The parties agree to the following facts:

Sharon and Dennis H., appellees, are half-brother and half-sister by blood, born of the same mother, but of different fathers. Sharon, when approximately ten days old, was adopted by the W. family, by whom she was raised. Dennis became a *1324 ward of the State, and was raised in or by various State programs. After reaching maturity, Sharon discovered that she had a half-brother, Dennis. After locating him in the Smyrna Correctional institution, Sharon assisted Dennis in obtaining parole. They were married on July 11, 1979.
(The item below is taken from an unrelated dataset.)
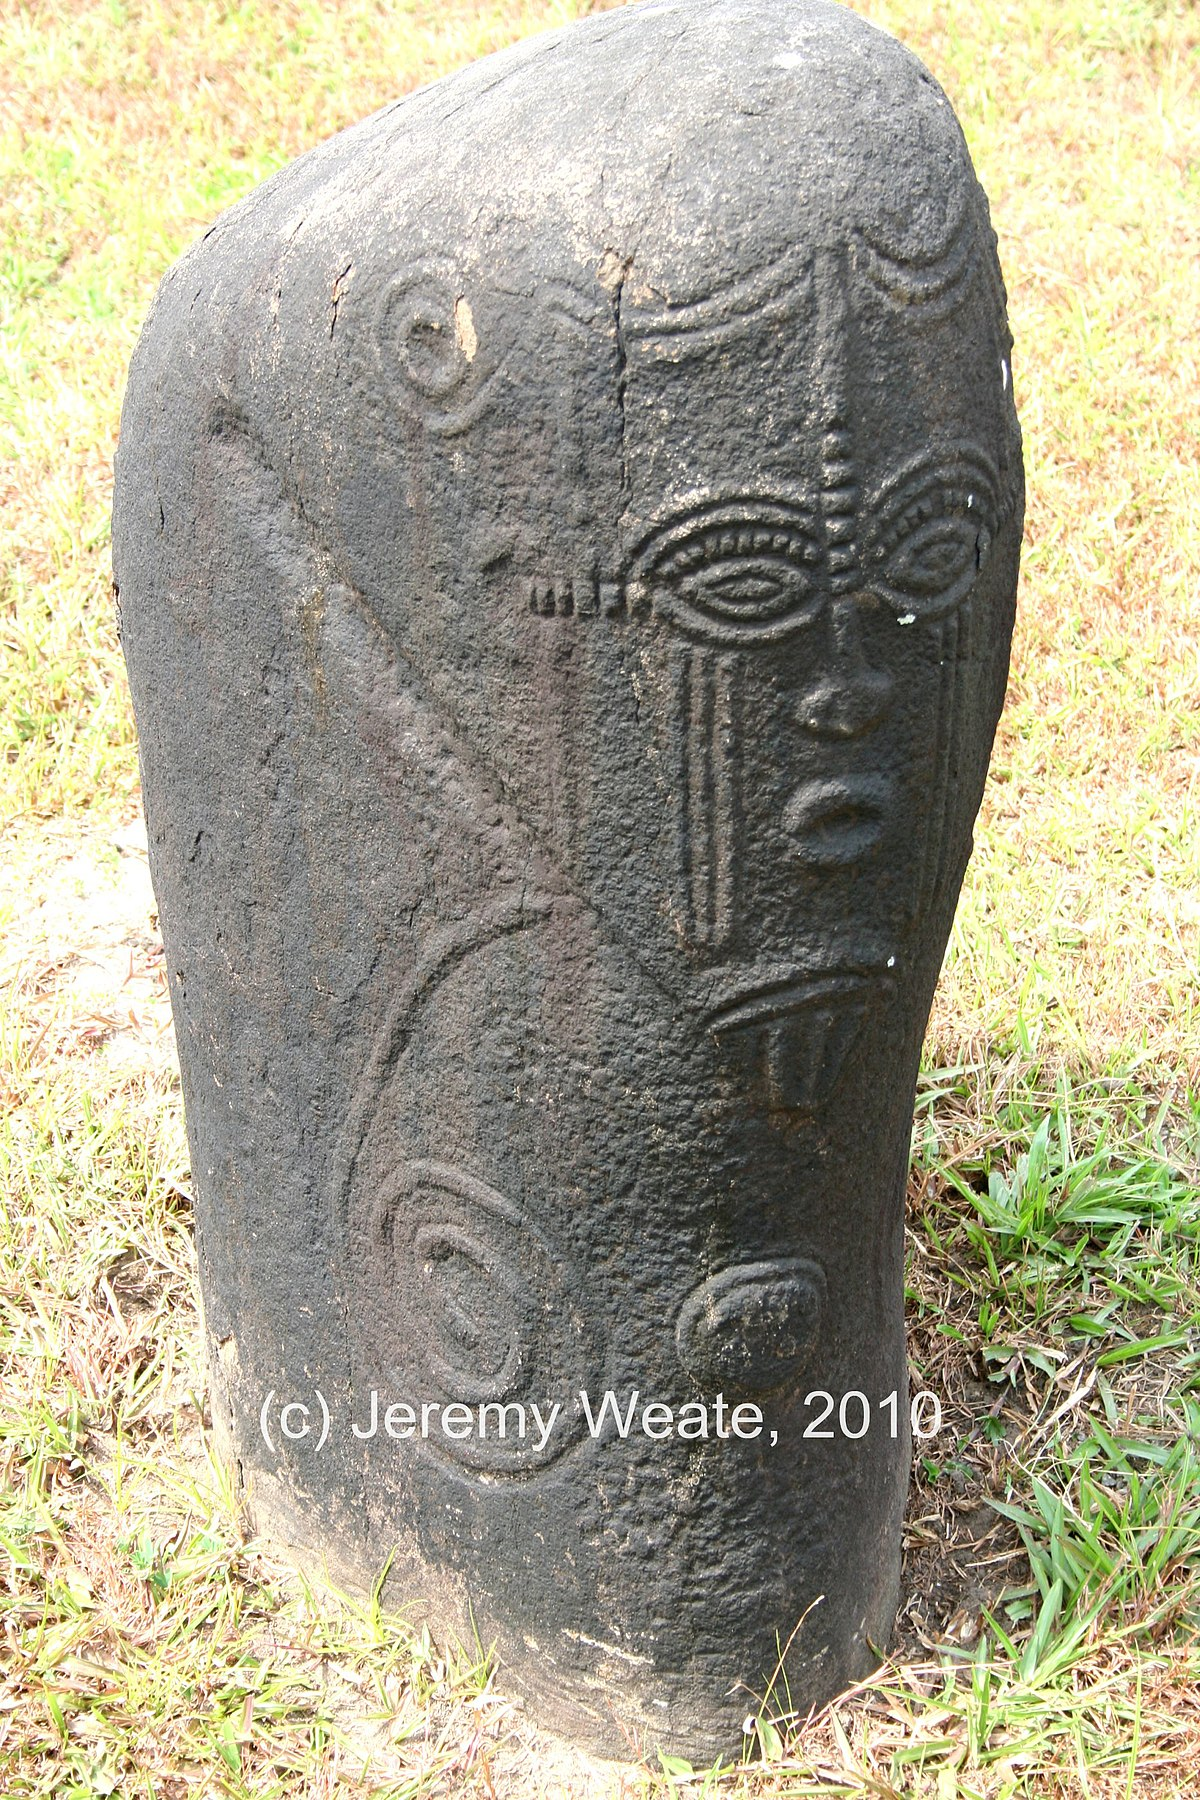 Ikom Monoliths Wikipedia
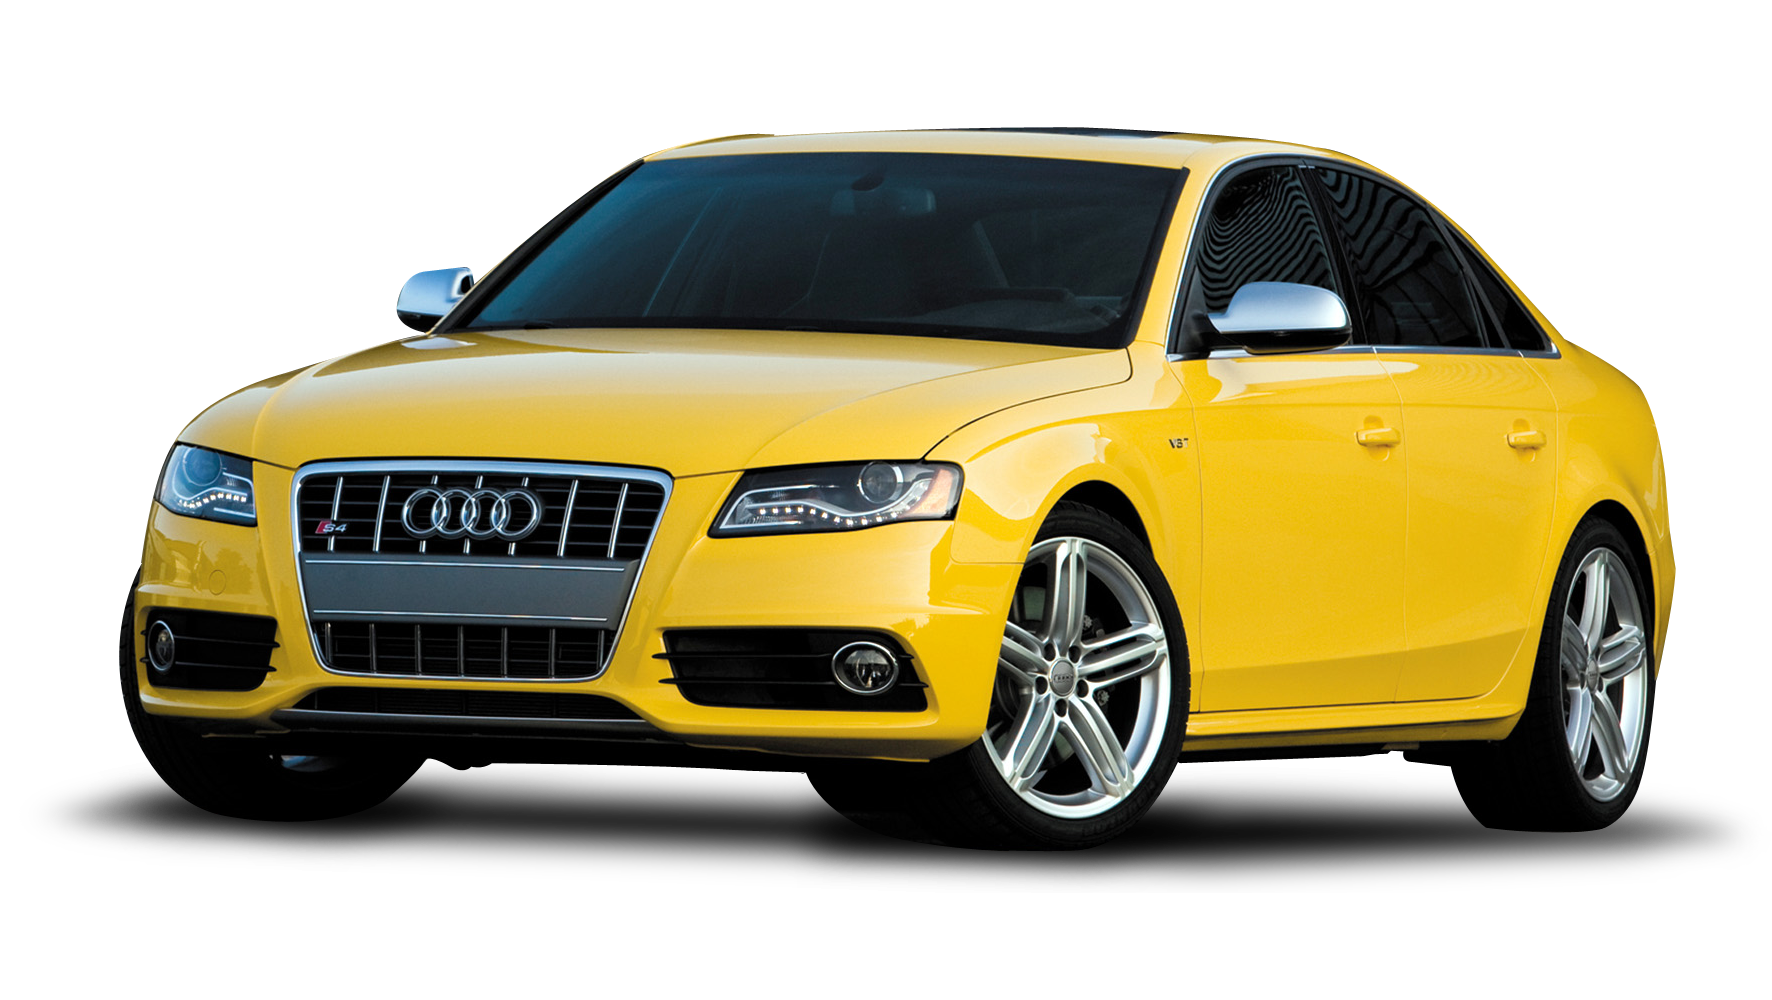 Yellow Audi Car PNG Hd

On October 31, 1979, appellees were arrested and jailed for violations of 13 Del.C. § 102 1 and 11 Del.C. § 1221. 2

In Municipal Court, appellees had argued that even if they were half-brother and half-sister by blood, the provision of 13 Del.C. § 102 prohibiting marriages between brothers and sisters was inapplicable to the appellees’ situation because under 13 Del.C. § 919, 3 Sharon’s adoption eliminated any tie between Sharon and Dennis as a matter of law. Appellees had also argued that the provisions of Chapter 9 of Title 13 prohibiting examination of the adoption records prohibited any inquiry into the matter of Sharon’s adoption, which would be necessary for the State to prove its allegations.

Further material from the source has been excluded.